For the first requirement:

apiVersion: skaffold/v3alpha1
kind: Config
metadata:
  name: clouddeploy-cloudrun-skaffold
manifests:
  kustomize:
    paths:
      - manifests/base
build:
  artifacts:
    - image: clouddeploy-cloudrun-app-image
      jib: { }
profiles:
  - name: local
    patches:
      - op: remove
        path: /deploy/cloudrun
    deploy:
      kubectl: { }
  - name: dev
    manifests:
      kustomize:
        paths:
          - manifests/overlays/dev
  - name: prod
    manifests:
      kustomize:
        paths:
          - manifests/overlays/prod
deploy:
  cloudrun:
    region: us-west1-a

To specify the deploy environment where patches come, here the patch indicates that I want to remove Cloudrun as a deployment environment and add in Kubernetes.

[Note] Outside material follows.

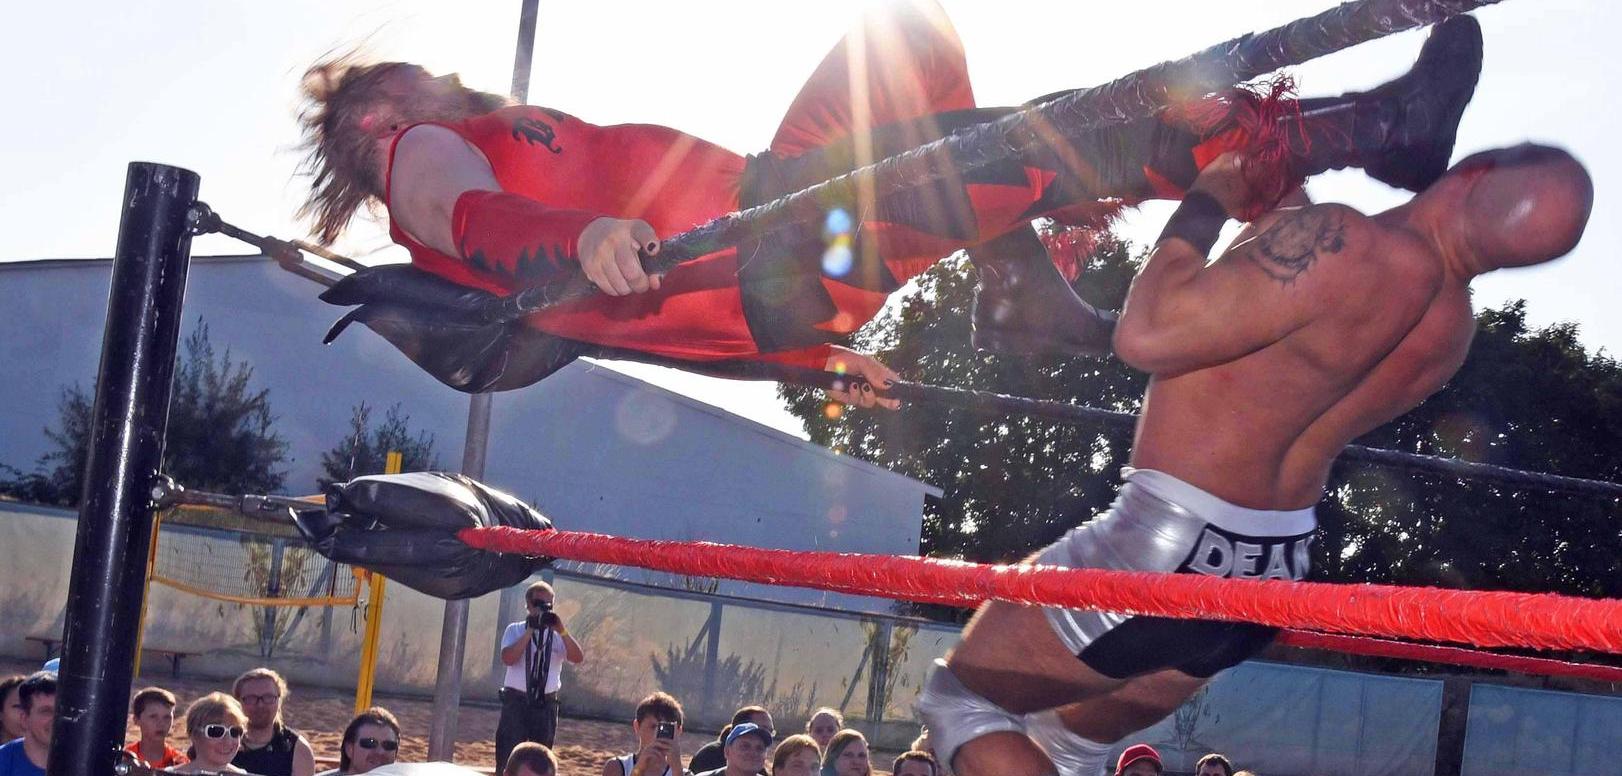 Wrestling-Stars kämpften unter freiem Himmel

And for the second requirement of generating a Kubernetes manifest, a rawYaml tag is introduced:

apiVersion: skaffold/v3alpha1
kind: Config
metadata:
  name: clouddeploy-cloudrun-skaffold
manifests:
  kustomize:
    paths:
      - manifests/base
build:
  artifacts:
    - image: clouddeploy-cloudrun-app-image
      jib: { }
profiles:
  - name: local
    manifests:
      kustomize: { }
      rawYaml:
        - kube/app.yaml
    patches:
      - op: remove
        path: /deploy/cloudrun
    deploy:
      kubectl: { }
  - name: dev
    manifests:
      kustomize:
        paths:
          - manifests/overlays/dev
  - name: prod
    manifests:
      kustomize:
        paths:
          - manifests/overlays/prod
deploy:
  cloudrun:
    region: us-west1-a

In this way a combination of Skaffold profiles and patches are used for tweaking the local deployment for Minikube.

Activating Profiles

When testing on local the “local” profile can be activated this way with Skaffold — with a -p flag:

skaffold dev -p local

One of the most useful command that I got to use is the “diagnose” command in skaffold which clearly showed what skaffold configuration is active for specific profiles:

skaffold diagnose -p local

which generated this resolved configuration for me:

apiVersion: skaffold/v3
kind: Config
metadata:
  name: clouddeploy-cloudrun-skaffold
build:
  artifacts:
  - image: clouddeploy-cloudrun-app-image
    context: .
    jib: {}
  tagPolicy:
    gitCommit: {}
  local:
    concurrency: 1
manifests:
  rawYaml:
  - /Users/biju/learn/clouddeploy-cloudrun-sample/kube/app.yaml
  kustomize: {}
deploy:
  kubectl: {}
  logs:
    prefix: container

Conclusion

There will likely be better support for Cloud Run on a local environment, for now, a minikube based Kubernetes is a good stand-in. Skaffold with profiles and patches can target this environment on a local box. This allows Skaffold features like quick development loop, debugging, etc to be activated while an application is in the process of being developed.